一百年前,右互突然來到崇向惜面前,在崇向惜還未來得及驚喜,他問了一句:“那把蒲扇,可是我曾送你的?”

問得崇向惜一頭霧水:“你在說什麽?”

“罷了罷了,只有我一人想起來算什麽!”右互一轉身走了,扔下一個稀裏糊塗的崇向惜。後來聽說他回了青丘,一直守在雲瓏喃身邊。崇向惜對雲瓏喃又多了份嫉恨,他對雲瓏喃,是嫉恨的,嫉恨他輕易俘獲了彥卓君的心,於是便想著把休與山門連同彥卓君一同從雲瓏喃手裏搶過來,可是搶過來了,他又不想要了。

休與山門——

彥卓君——

好似都不是他想要的,最後他把視線停在了右互身上。

“都躲開!”右互大聲道,揮起長劍向著那冰錐砸去:“大人!您該醒了!都百年了!他也等了您百年!”

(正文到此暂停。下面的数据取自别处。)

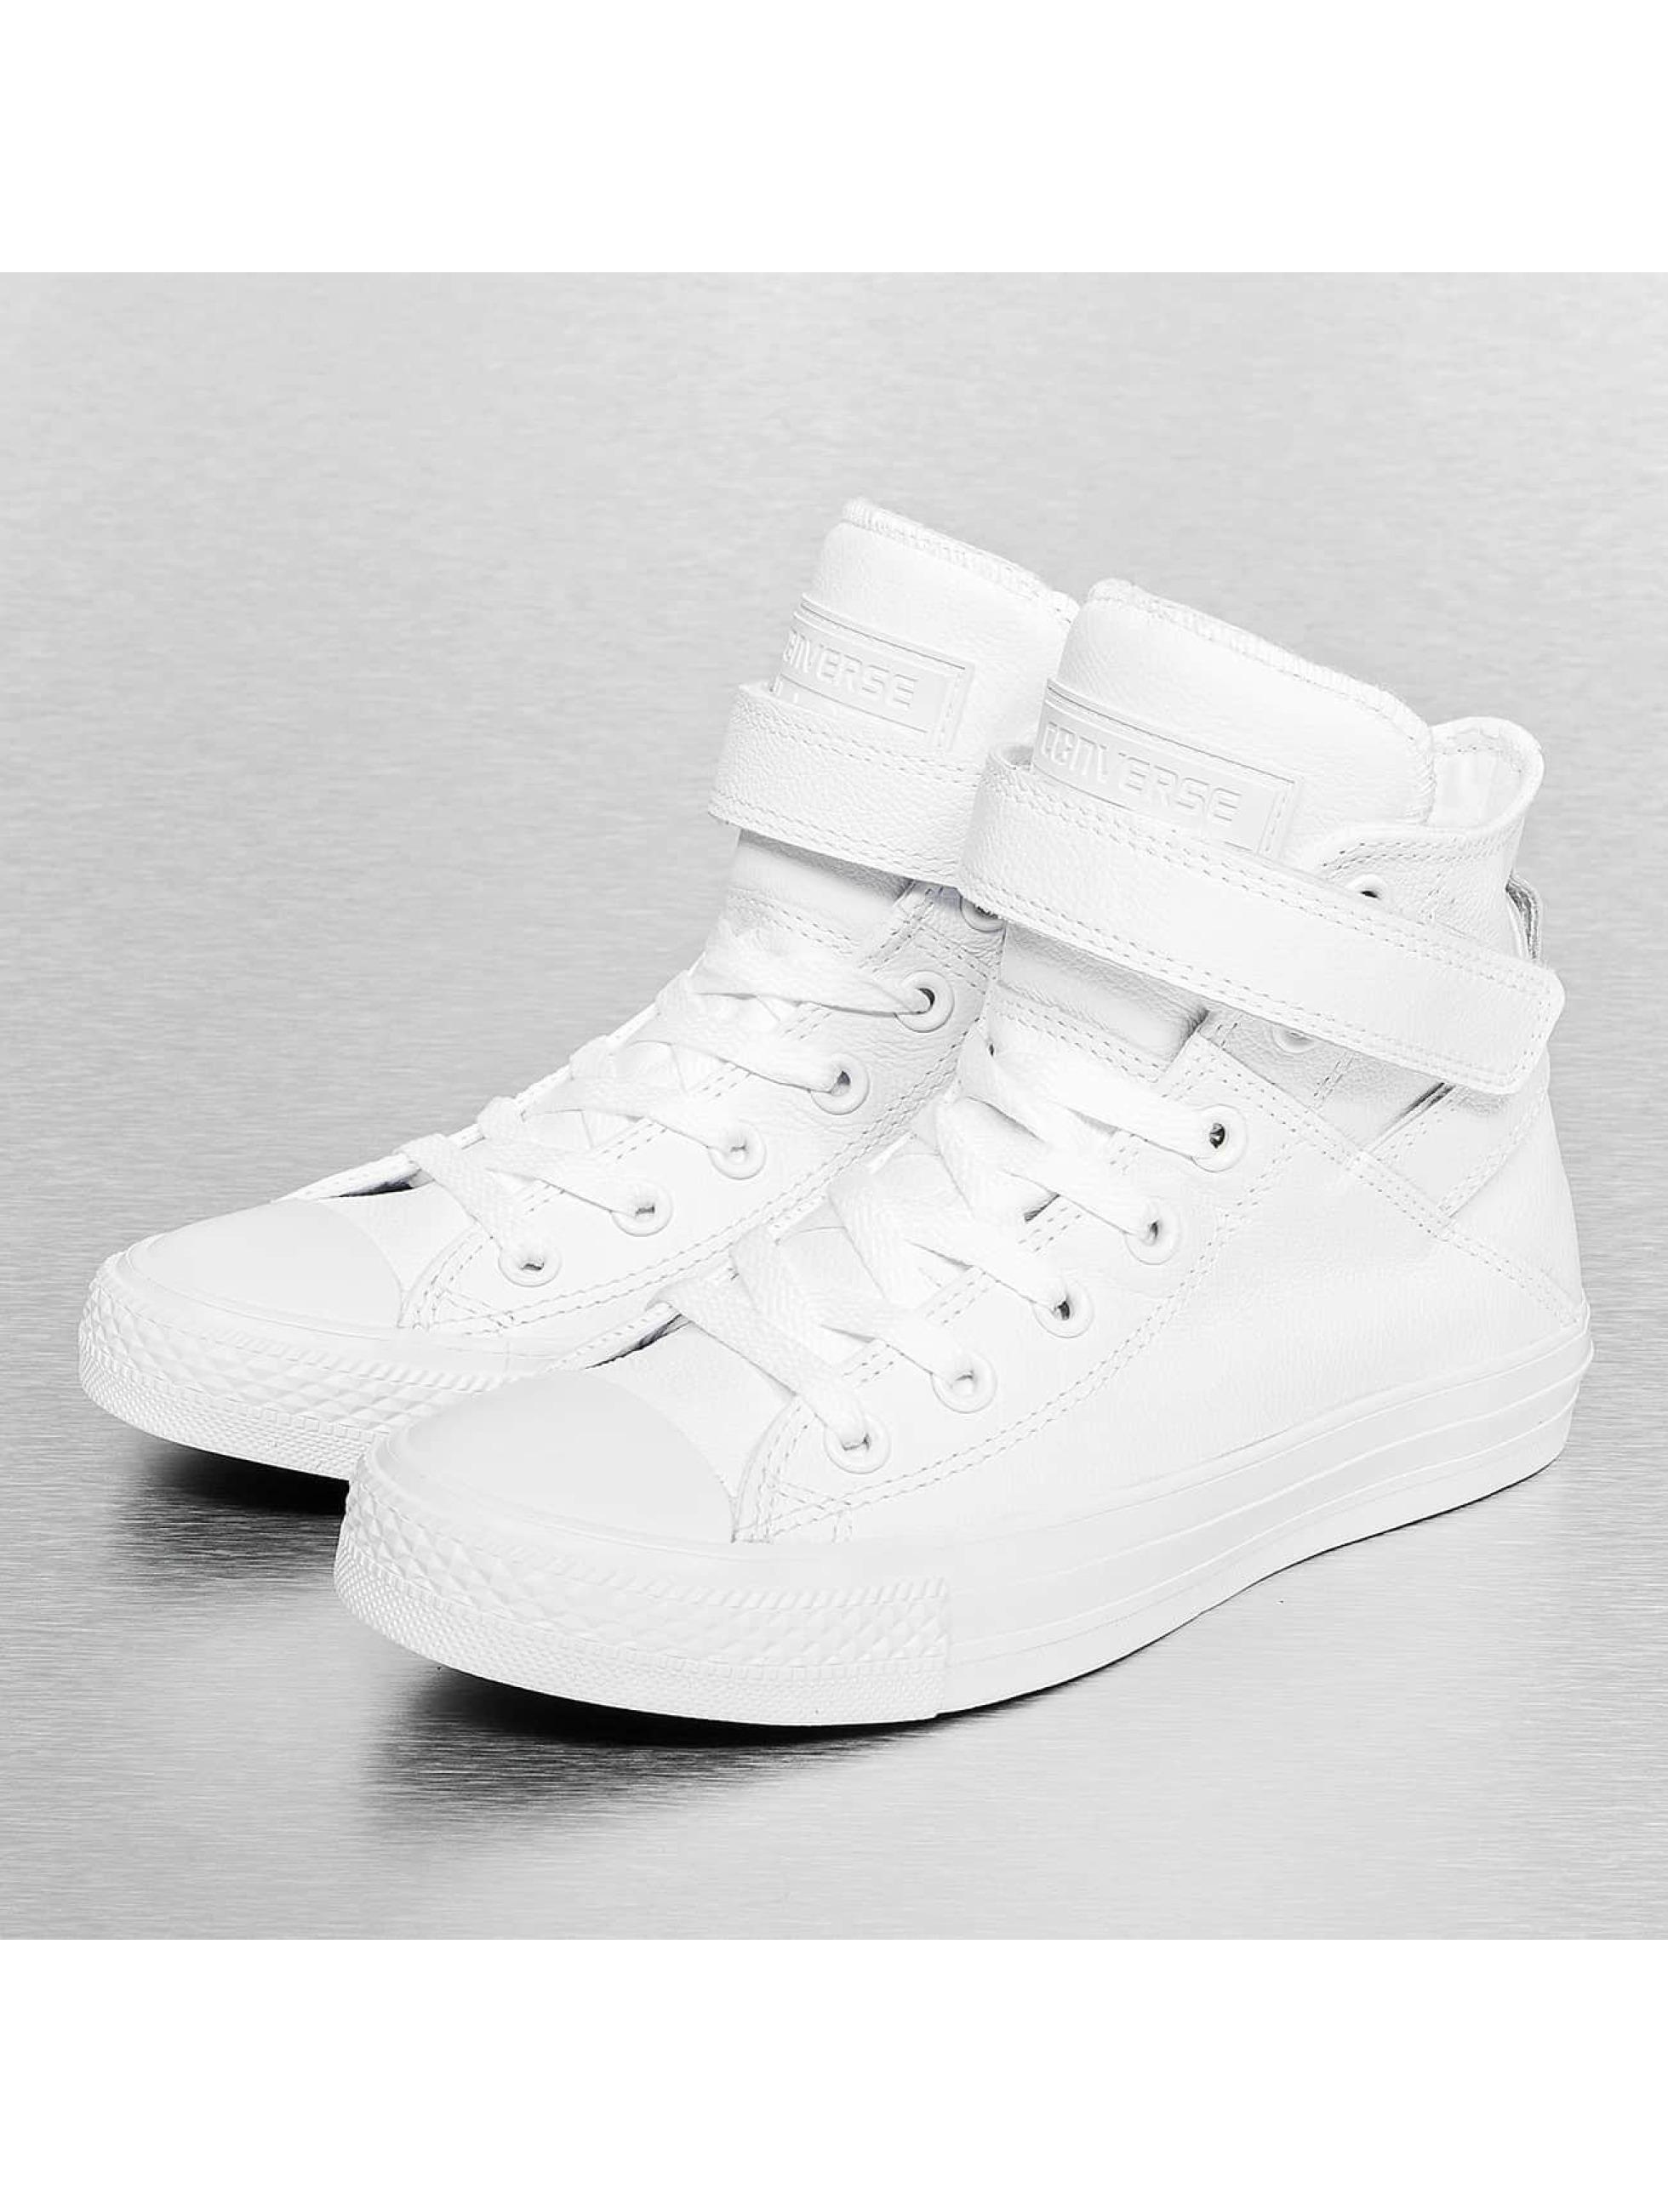 converse schuhe sneaker chuck taylor all star brea mono. Black Bedroom Furniture Sets. Home Design Ideas
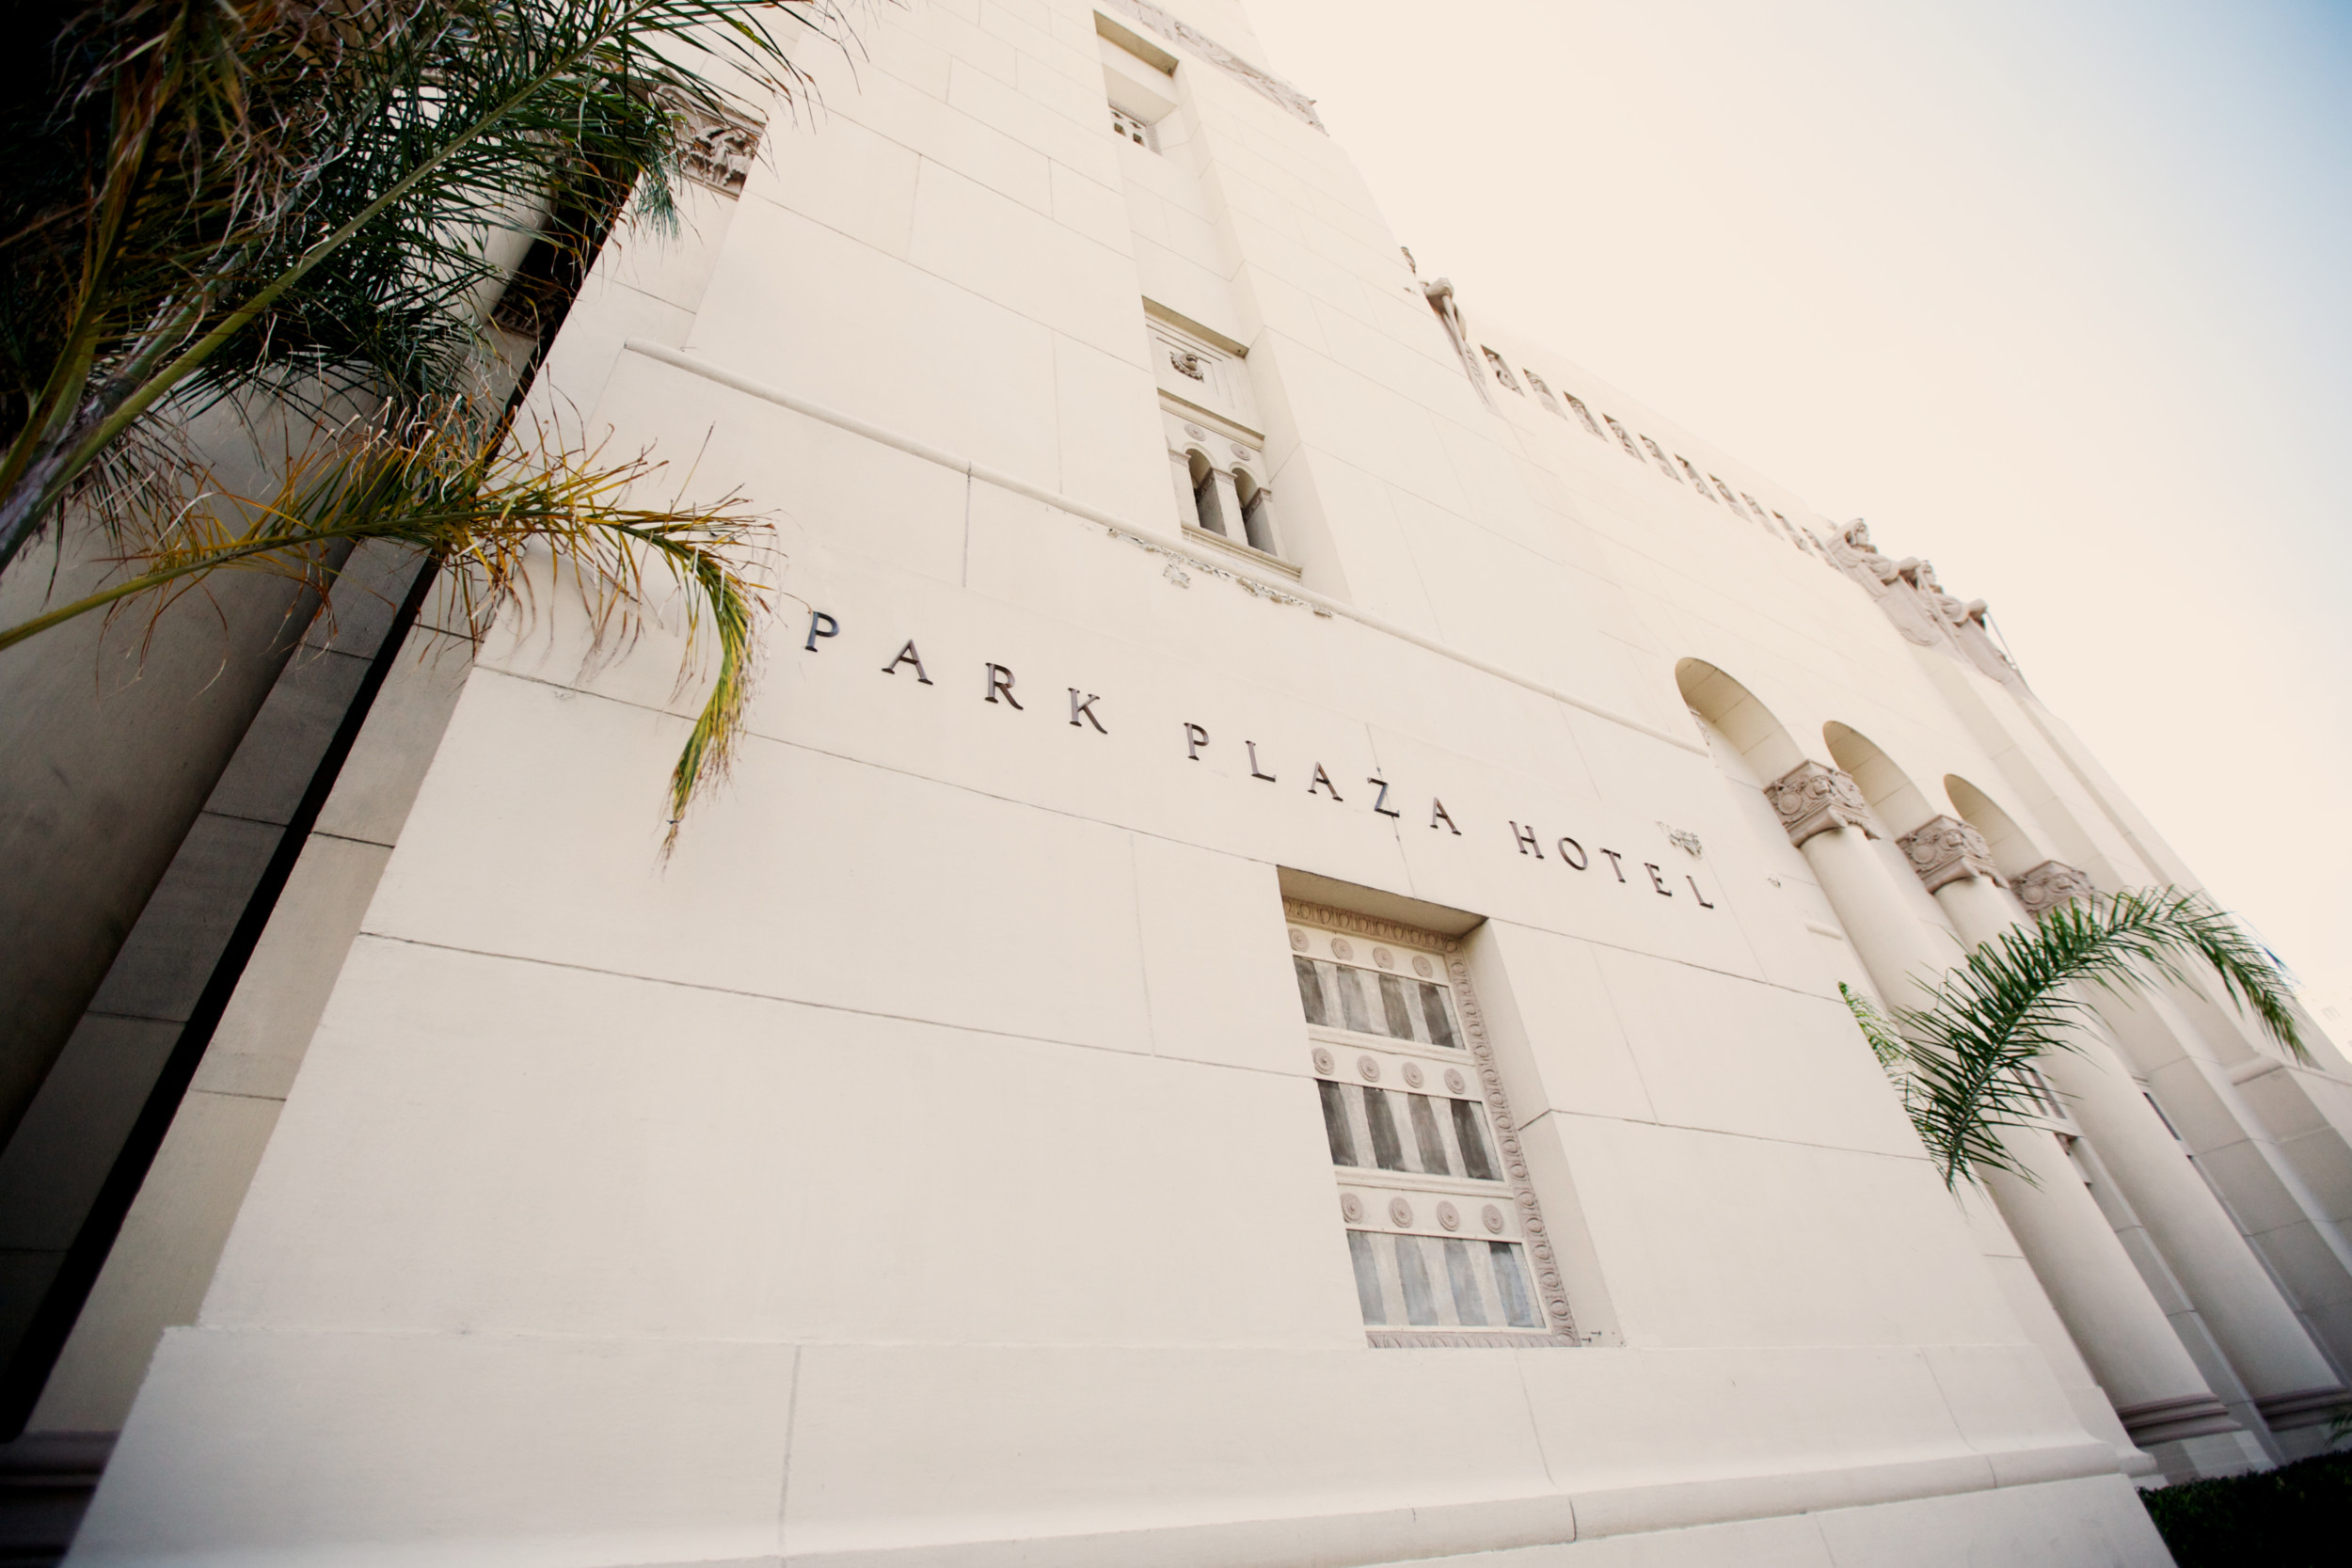 Park Plaza Hotel Wedding

“百年算什麽!”一個柔轉清冷的聲音響起,眾人驚愕的向冰錐看去,只見冰錐碎成兩瓣,雲瓏喃從裏面走了出來。

那男孩從囂月身後跑出來,來到雲瓏喃跟前,怔怔的看向雲瓏喃道:“你是哪裏的仙人?!”

“我已非仙非人非鬼了——”雲瓏喃看向男孩,目光一點一點匯聚成深海,一股股的波濤在他眼中翻湧著。

“那很不錯!你做我師父吧!”男孩痛快說道。

“餵餵!你很過分啊!我們這麽多人說要教你收你為徒你都拒絕了!”昭薄夷在一旁抱怨道。

“我師兄是不收徒的!你這傻瓜!”揚柏嵐說道,的確,雲瓏喃從不收徒,就是他和焉識君這樣的,也有了十來個弟子,但雲瓏喃還是孤家寡人。

“你可慎重點!小家夥!”焉識君也開口勸道。

“我的師父只能是他,唯有他——”男孩說道。

雲瓏喃聽了,嘴角微微勾起,也不知是笑,還是什麽的,只是淡淡一筆,沒有濃墨重彩,仿若在經年累月的俗世裏,輕輕的留下了痕跡。

於是,從不收徒的雲瓏喃經常帶著他的小弟子四處游歷,再後來,還收了一個小女娃,那女娃被問了名字便說——我是蓿姑娘。